I have a program that takes in a csv file which stores data in this format ` Lastname,Name,YYYYMMDD` (last bit is year month day for birthday) that only accepts **only gregorian calendar years** and I want my program to display all files which corresponds to the input month (string of the name of the month).

For instance, if the input month is "May", my program should display all files that have 05 in the MM section of the birthday.

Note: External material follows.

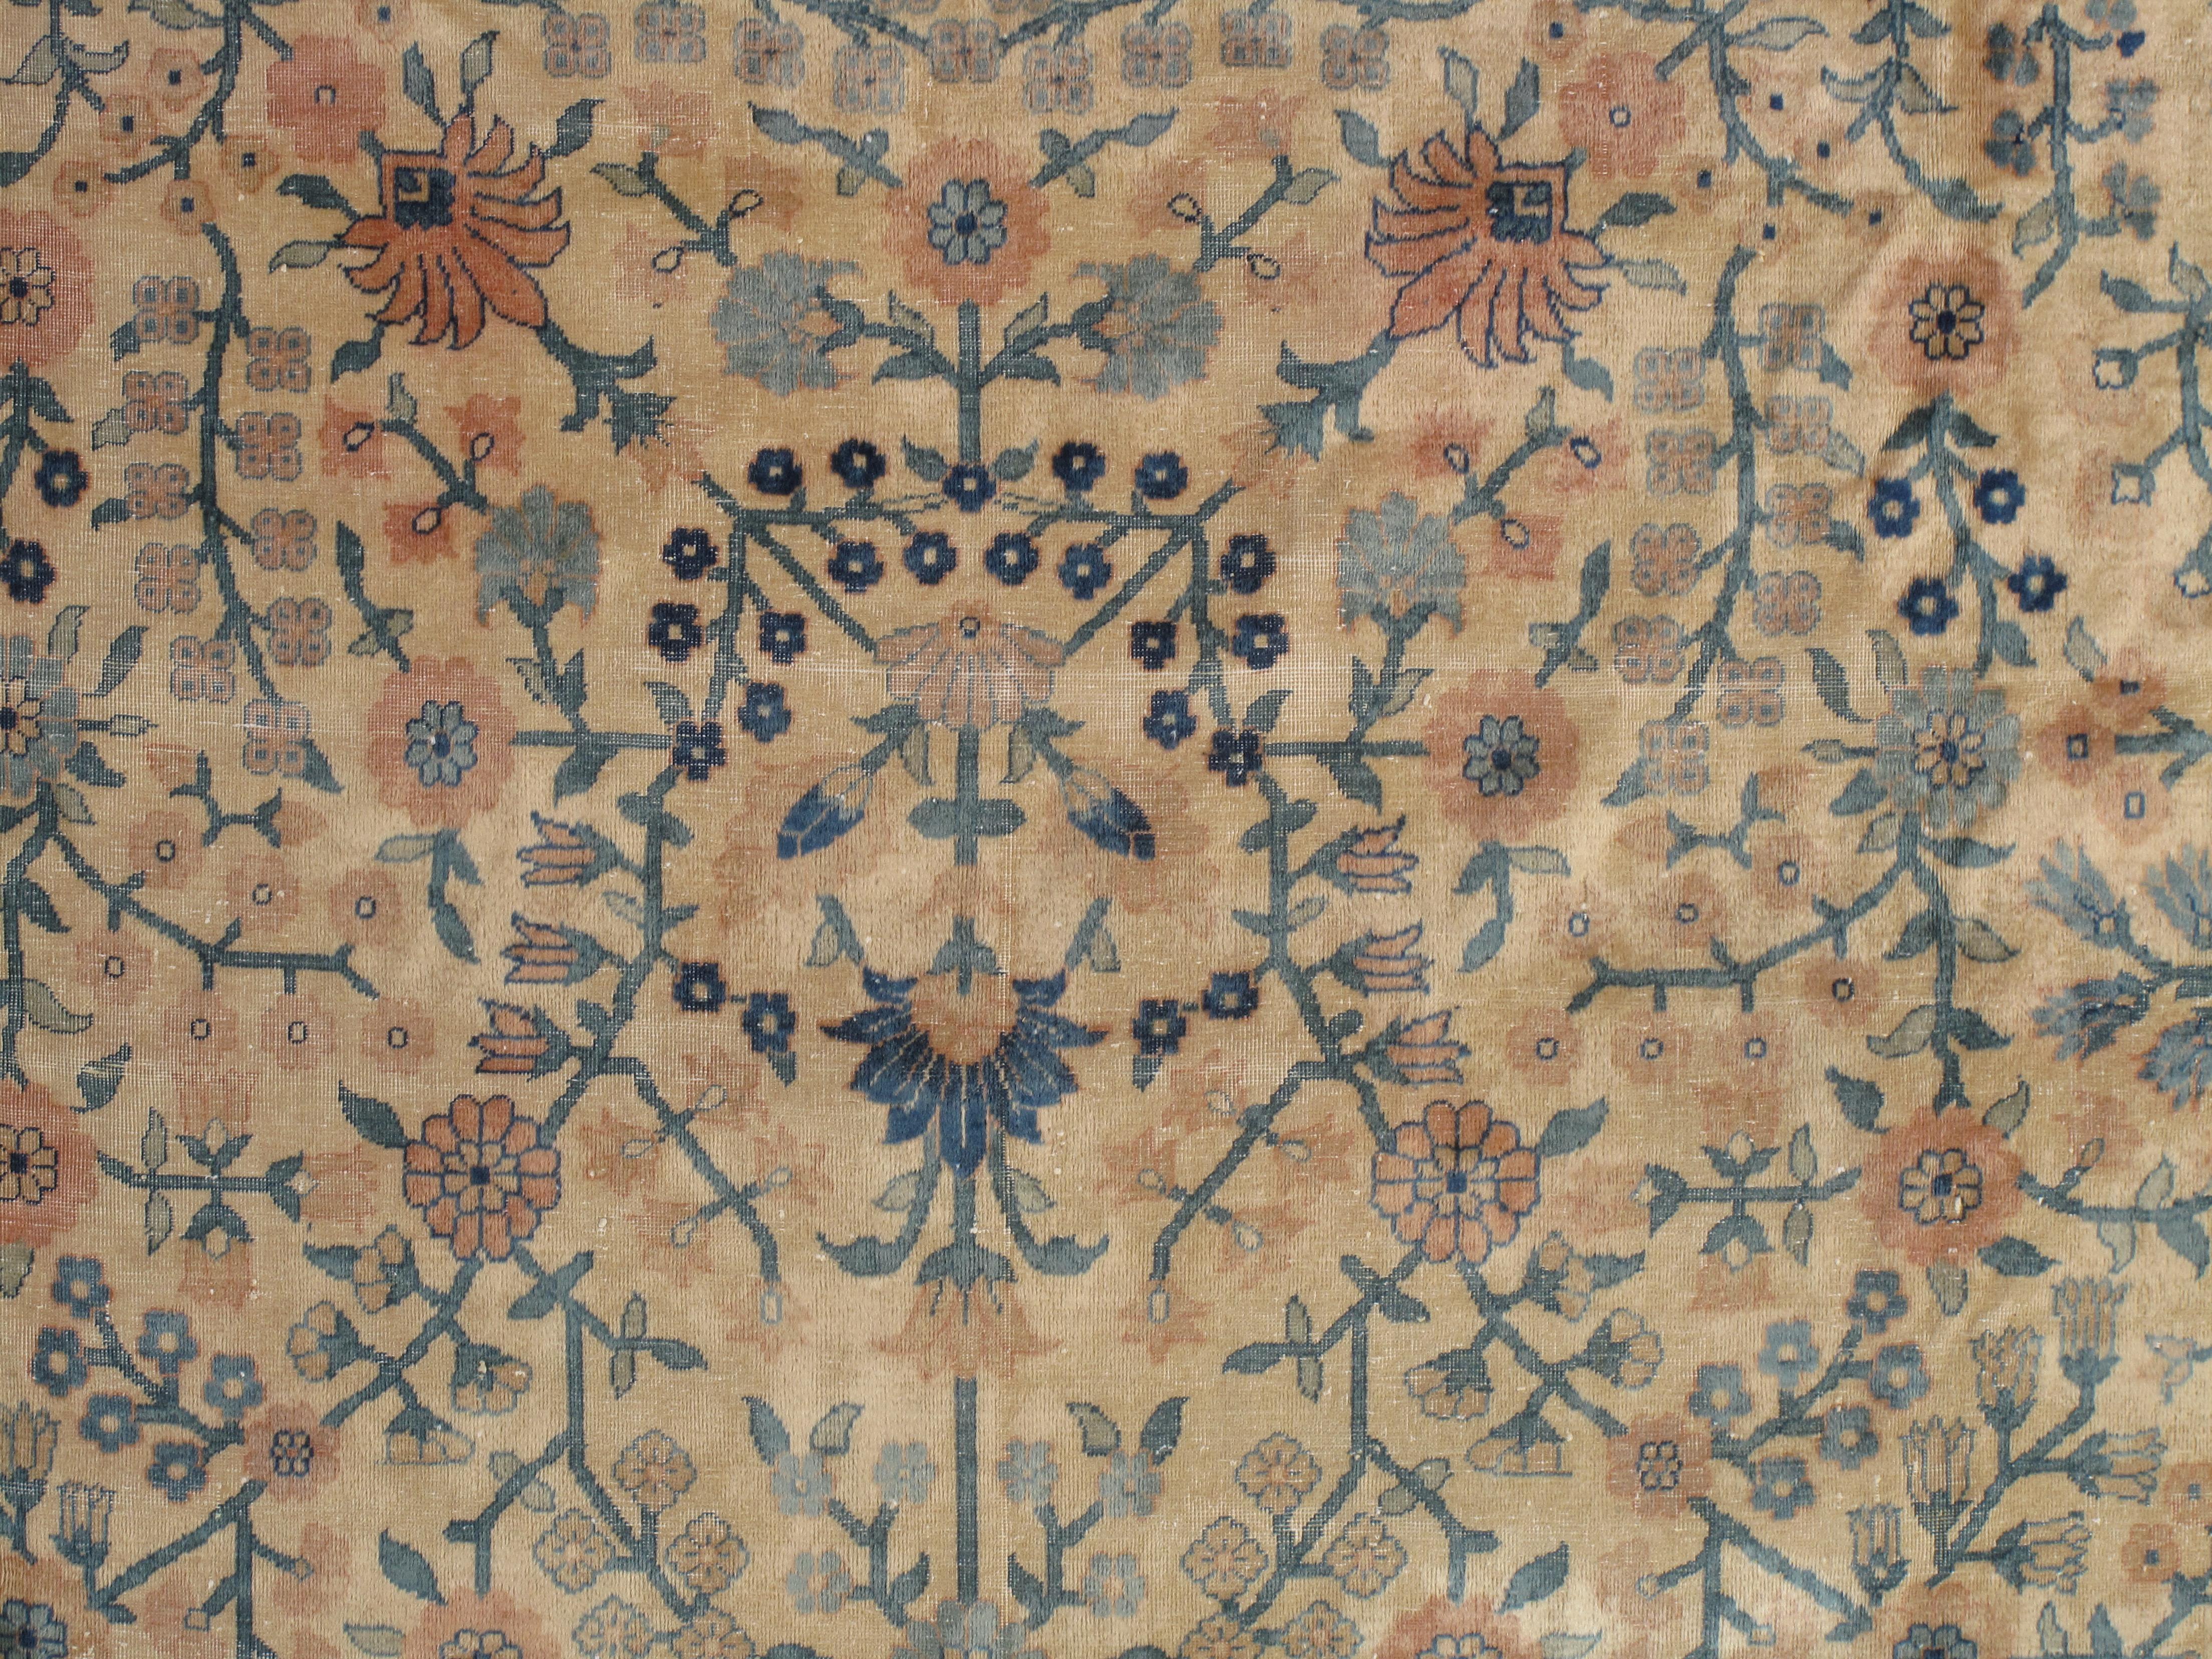 Noué à la main Tapis oriental indien antique d'Amritsar fait main, motif de motifs bleus, taupes et crèmes sur toute la surface en vente

Can anyone please help explain what should I ?

#!/bin/bash
    echo "Enter csv file"
    read file
    echo "Enter month"
    read month
    cat "$file" | cut -f3 -d',' |    // this line seperates the csv file and focuses on the 3rd argument, which are the birthdays

CodePudding user response：

Seems like an ideal job for awk

cat foo
Lastname,Name,20230523
foo,baz,20230117

m=May
awk -F, -vmonth=$m -f month.awk foo
Lastname,Name,20230523

month.awk is:

BEGIN {
    months["Jan"] = "01";
    months["Feb"] = "02";
    months["Mar"] = "03";
    months["Apr"] = "04";
    months["May"] = "05";
    code = months[month];
}

substr($3,5,2) ~ code {print $0; }

CodePudding user response：

Using BASH:

#!/bin/bash

month=May
target_csv=my.dat

while read -r line ; do 
    d="${line##*,}"
    case "${d:4:2}" in
        01) mm=Jan ;;
        02) mm=Feb ;;
        03) mm=Mar ;;
        04) mm=Apr ;;
        05) mm=May ;;
        06) mm=Jun ;;
        07) mm=Jul ;;
        08) mm=Aug ;;
        09) mm=Sep ;;
        10) mm=Oct ;;
        11) mm=Nov ;;
        12) mm=Dec ;;
        *) echo "unknown month" && exit 1 ;;
    esac

    if [[ "$month" == *"$mm"* ]] ; then
        printf "%s\n" "$line"
    fi
done <"$target_csv"